→ **Aim of the task**:
Everything in the listing below from the line containing "Tourists visit the" through the line containing "Free Sheet Music" must be repeated exactly; the remaining lines are not wanted.

→ **The input**:

•••

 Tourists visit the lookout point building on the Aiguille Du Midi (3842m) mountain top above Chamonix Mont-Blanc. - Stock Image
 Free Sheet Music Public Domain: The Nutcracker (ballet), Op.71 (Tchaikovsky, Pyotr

•••

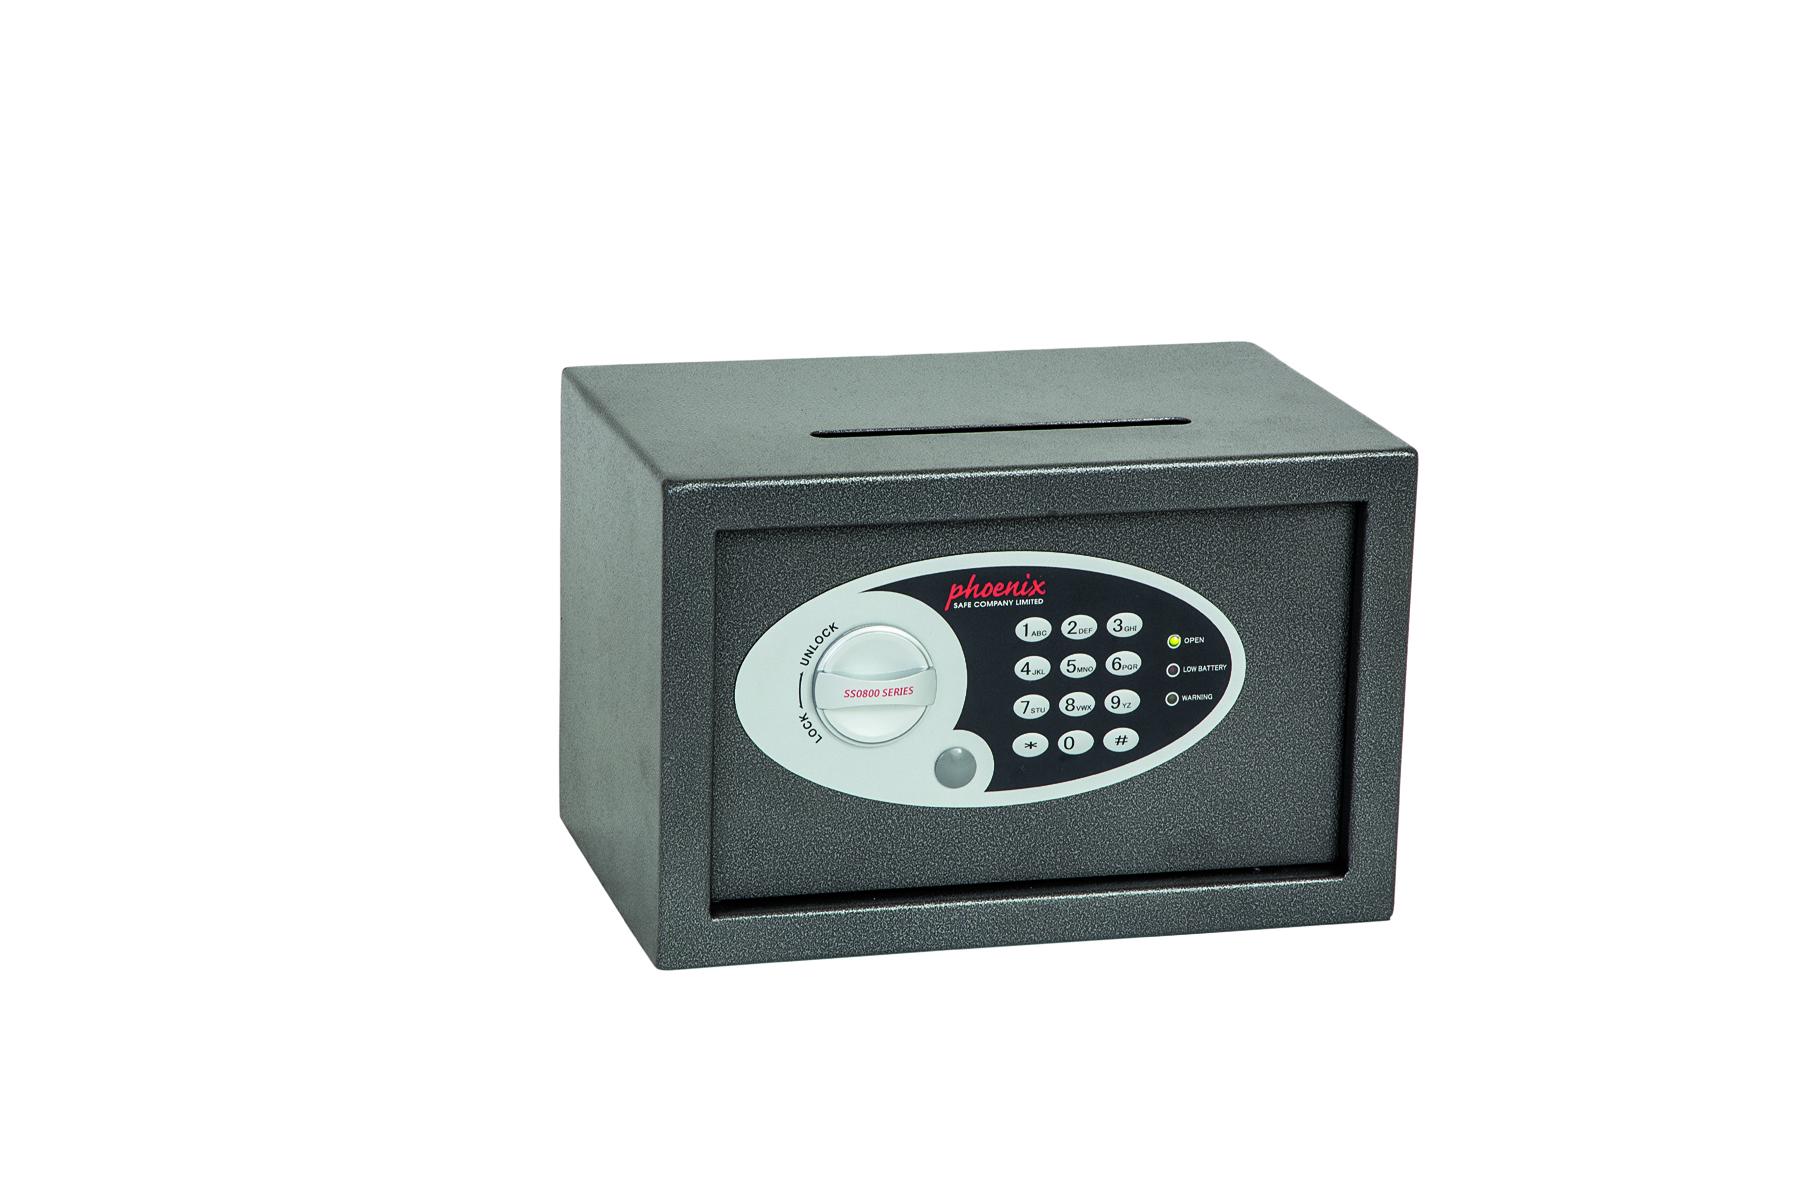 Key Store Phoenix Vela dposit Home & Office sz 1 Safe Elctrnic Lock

•••

→ **Answer to this problem**:
 Tourists visit the lookout point building on the Aiguille Du Midi (3842m) mountain top above Chamonix Mont-Blanc. - Stock Image
 Free Sheet Music Public Domain: The Nutcracker (ballet), Op.71 (Tchaikovsky, Pyotr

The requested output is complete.